Brief:
Print the lines from the one containing "6 - FlatSitemaps" through the end of the material below, both included, exactly as they appear and without pictures.

START Dataset content

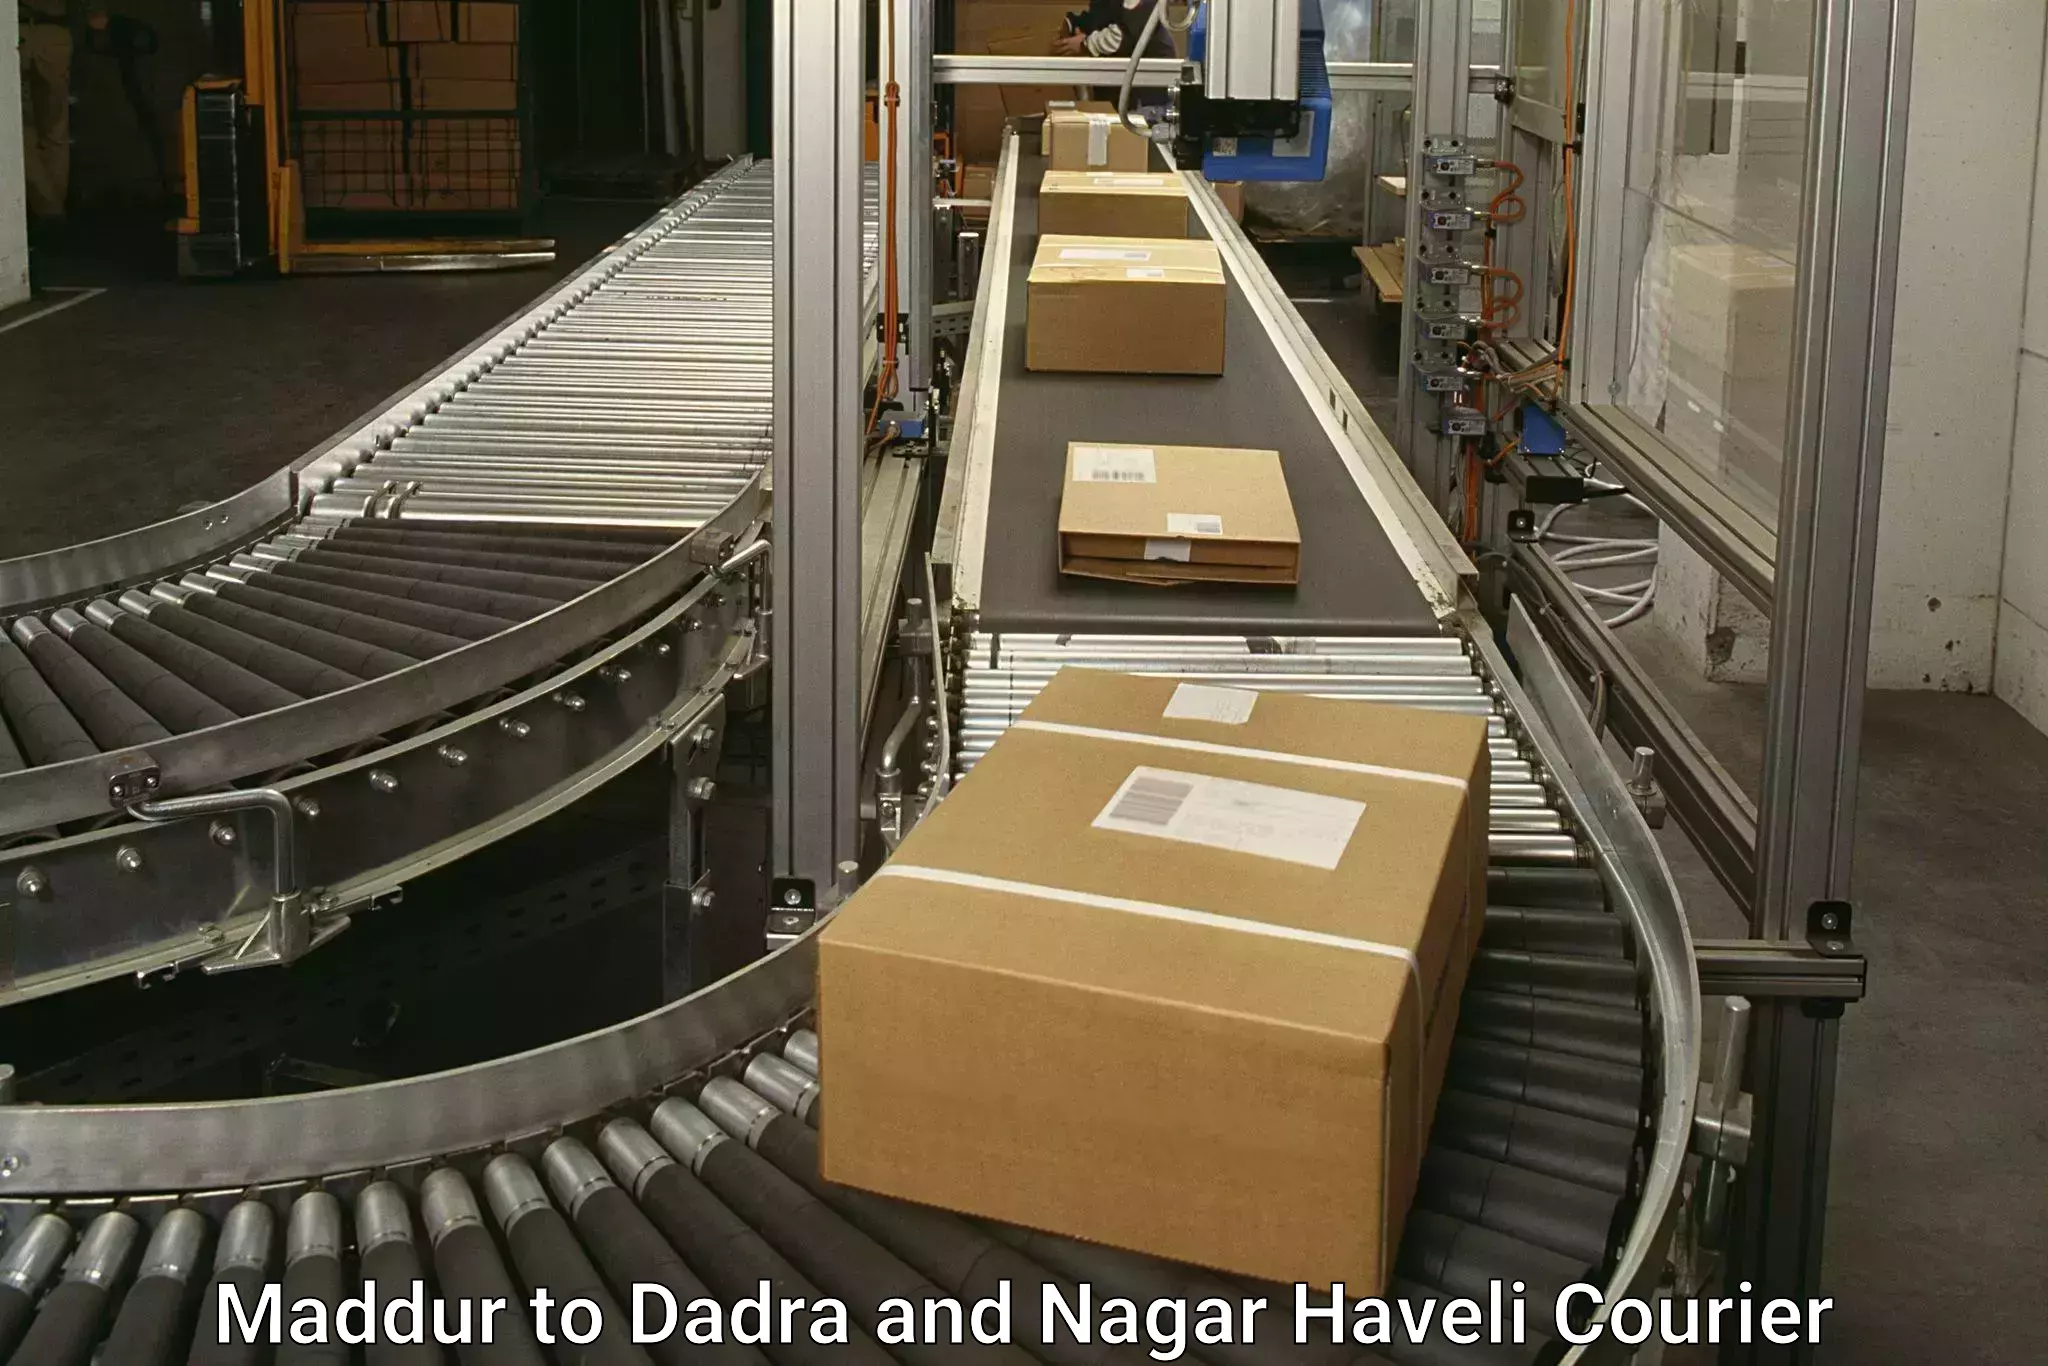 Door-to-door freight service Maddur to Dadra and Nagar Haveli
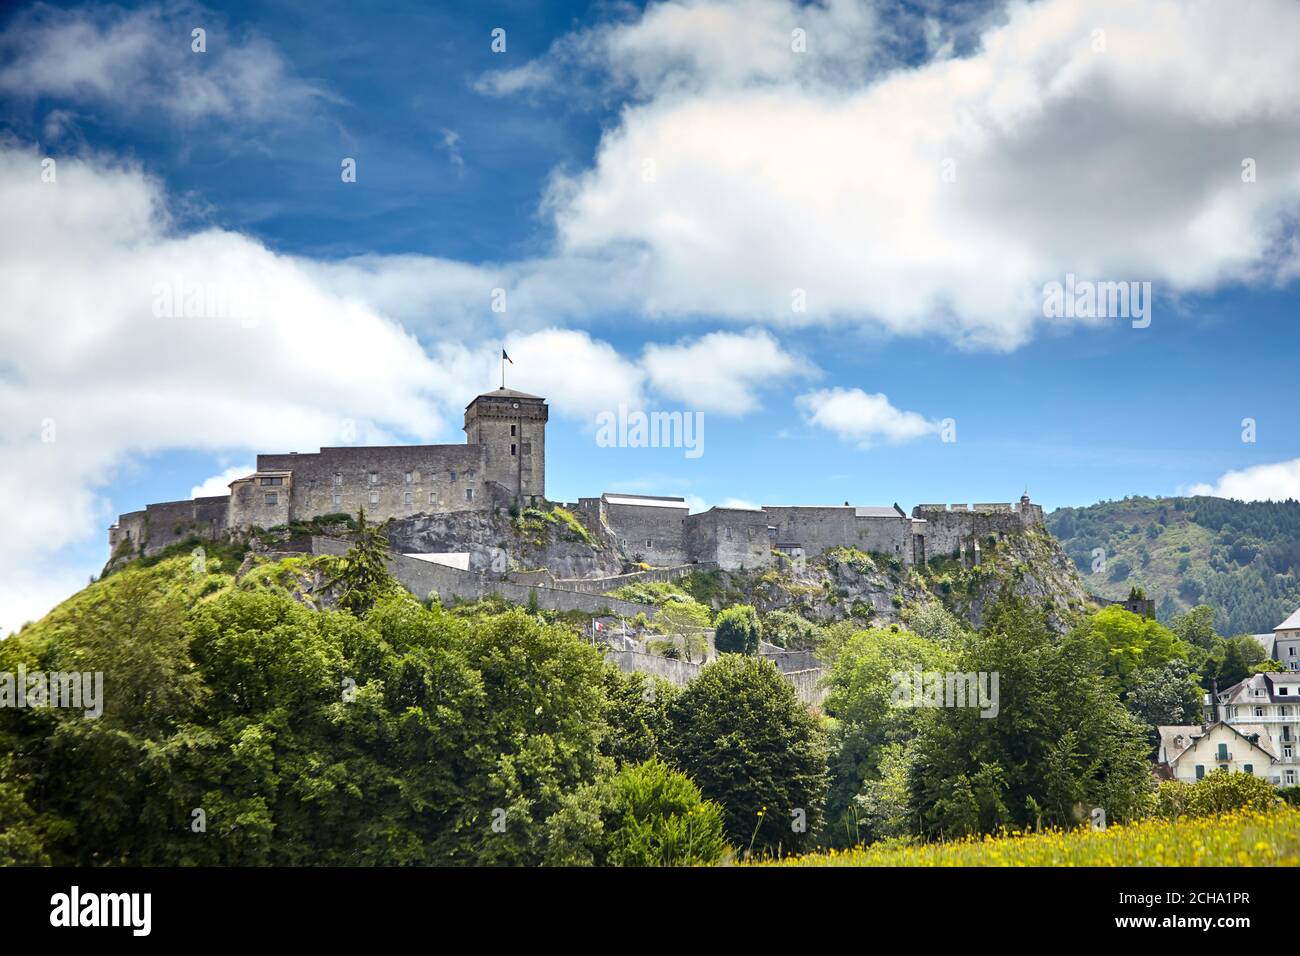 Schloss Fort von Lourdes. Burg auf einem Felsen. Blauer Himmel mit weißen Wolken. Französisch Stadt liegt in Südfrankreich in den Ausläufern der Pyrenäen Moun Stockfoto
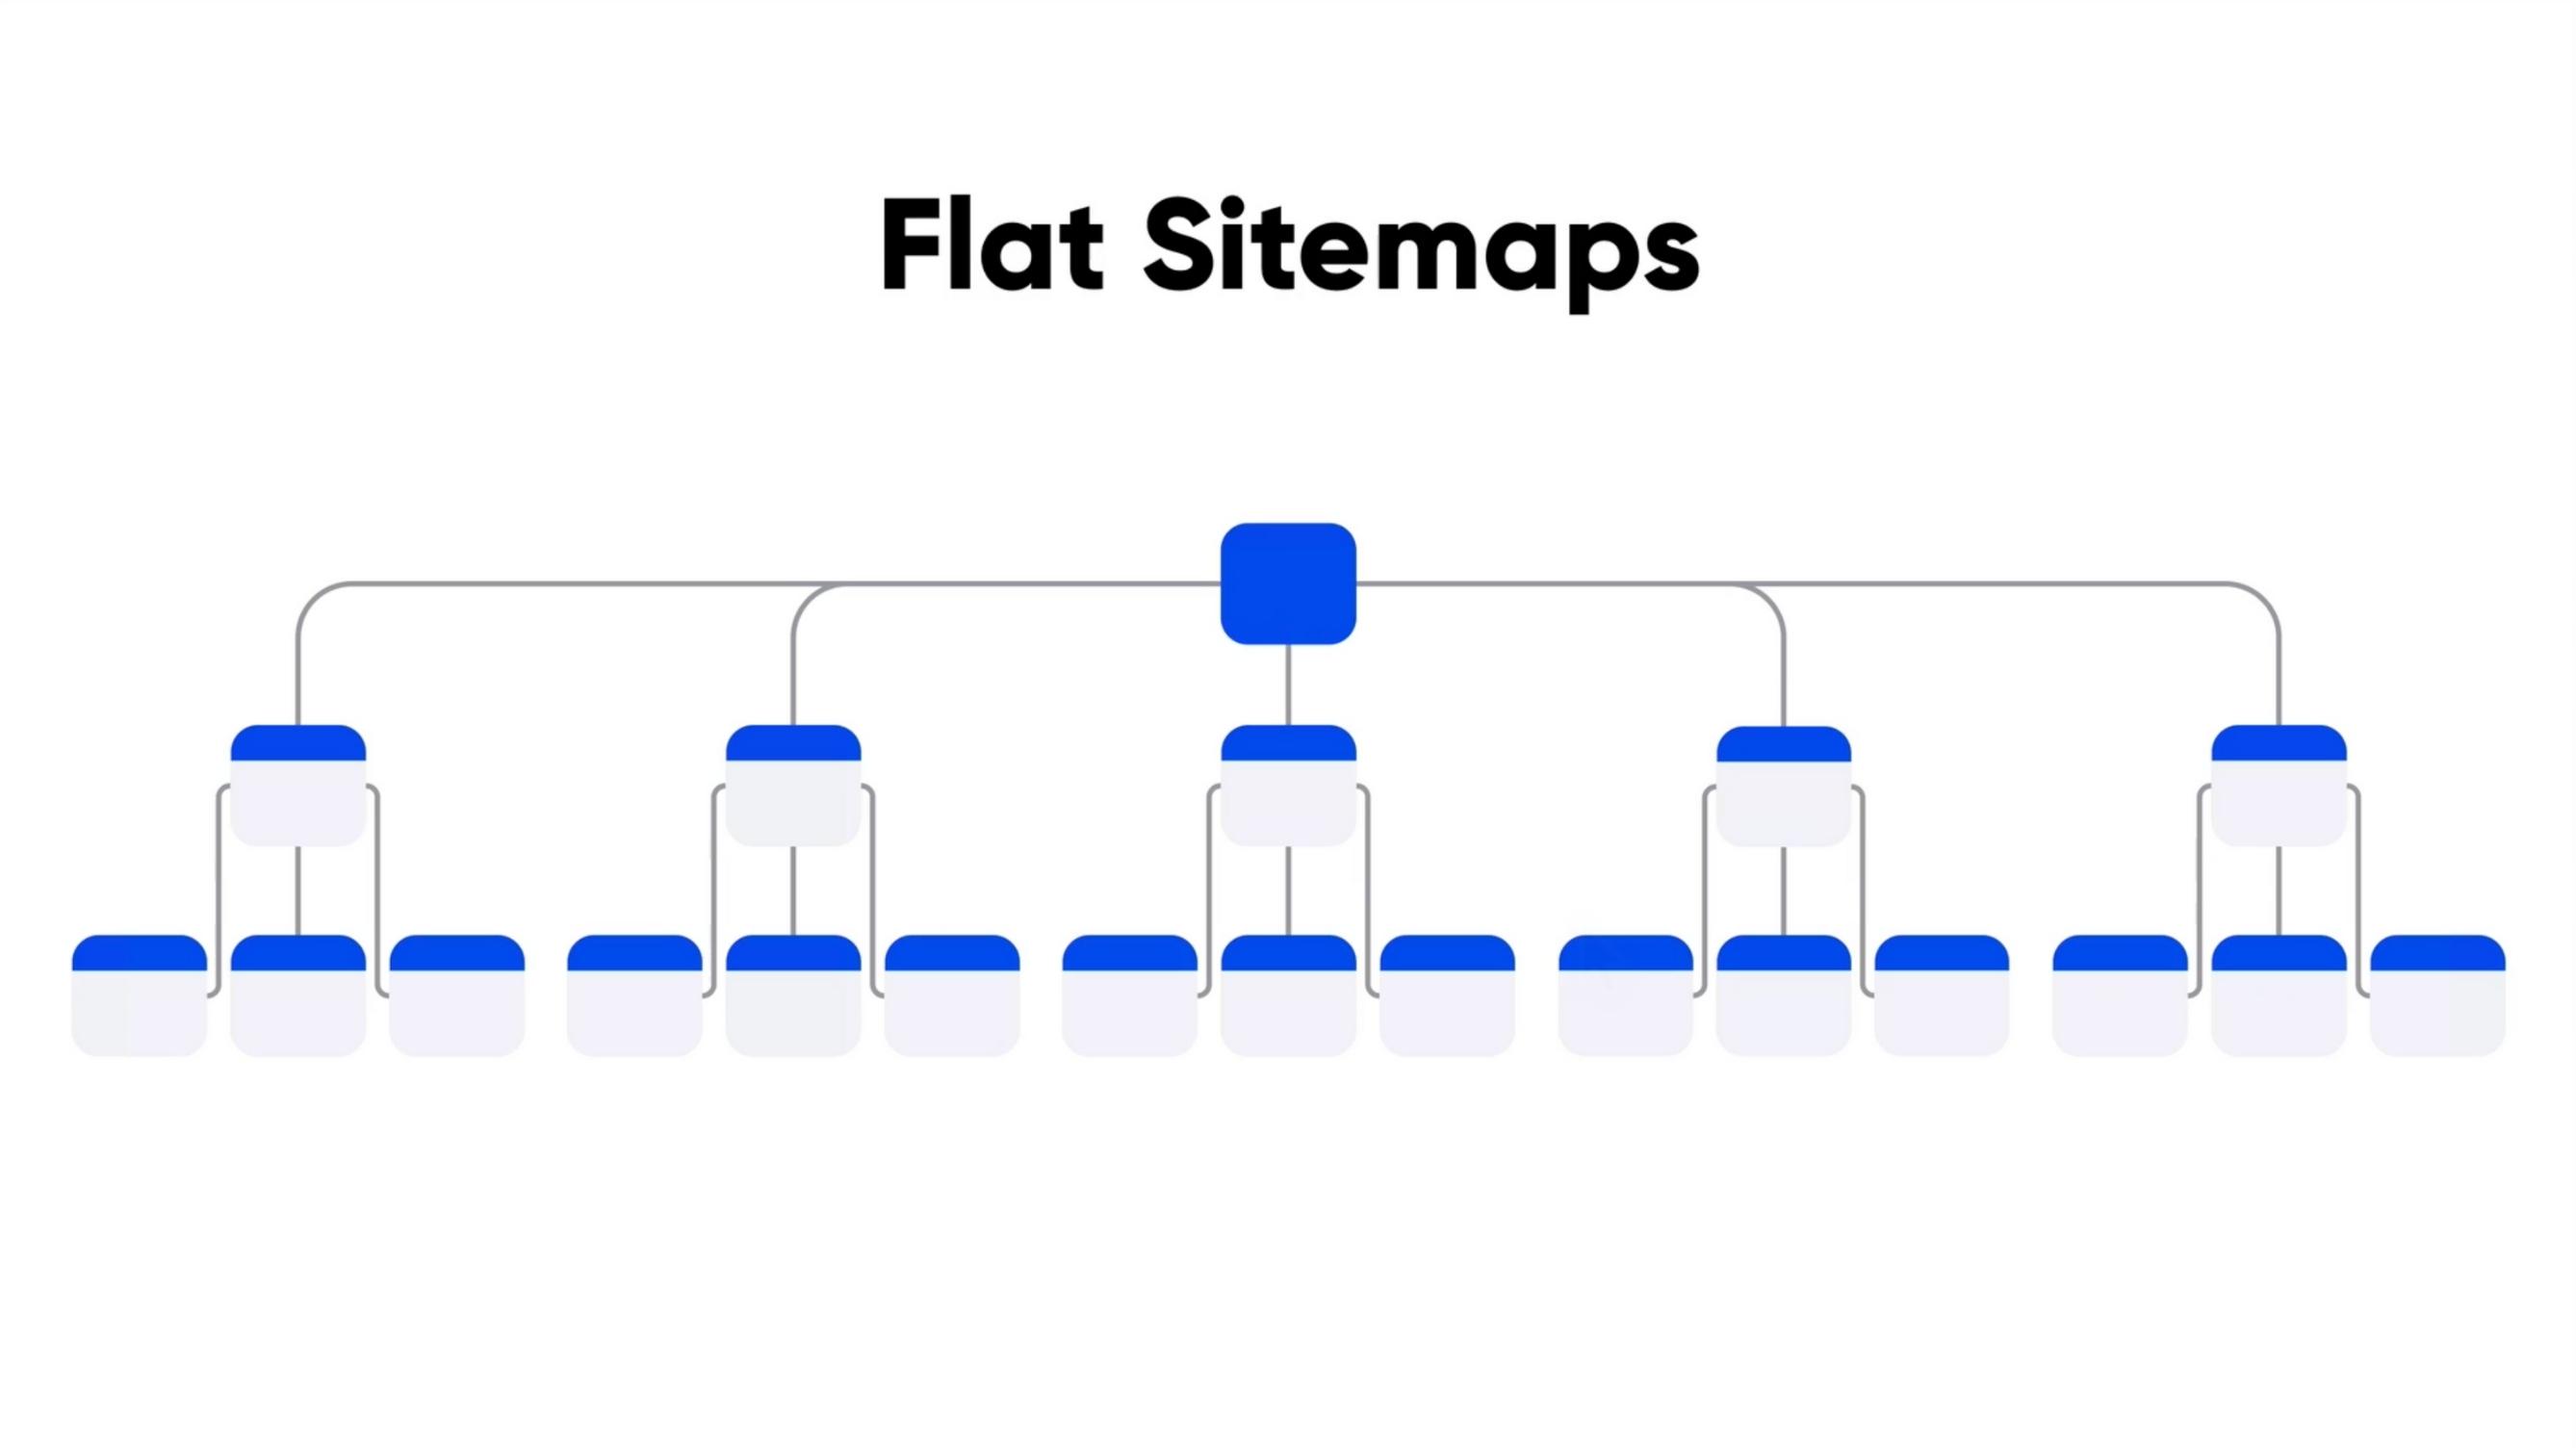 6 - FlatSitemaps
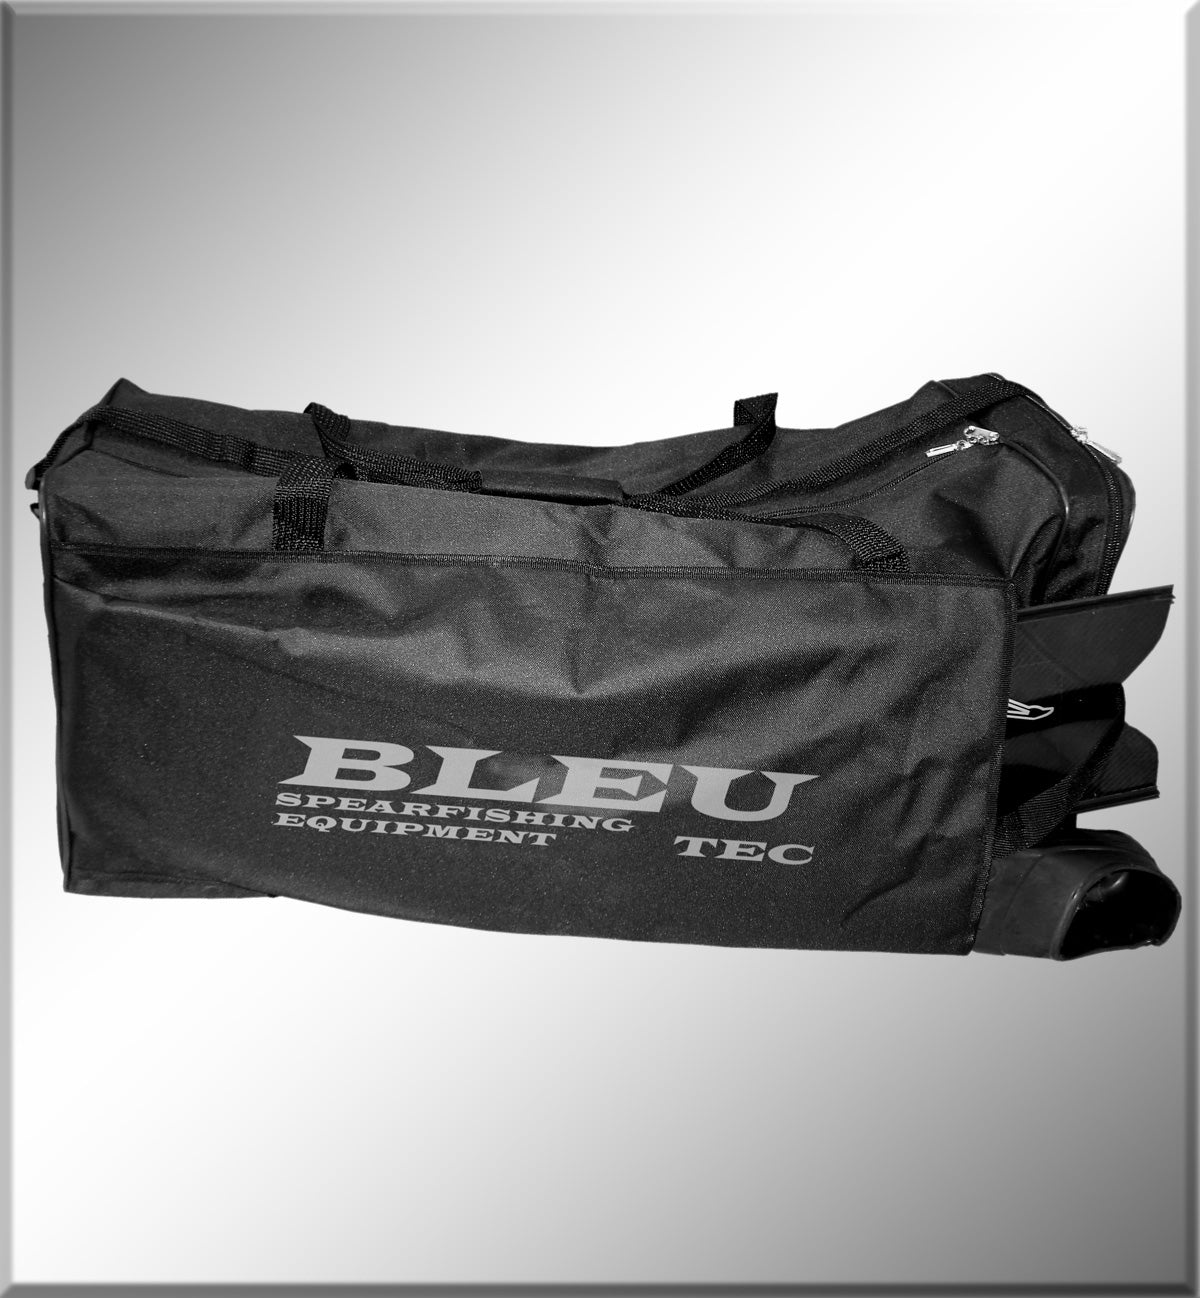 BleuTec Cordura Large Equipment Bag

END Dataset content

Exercise output:
 6 - FlatSitemaps
 BleuTec Cordura Large Equipment Bag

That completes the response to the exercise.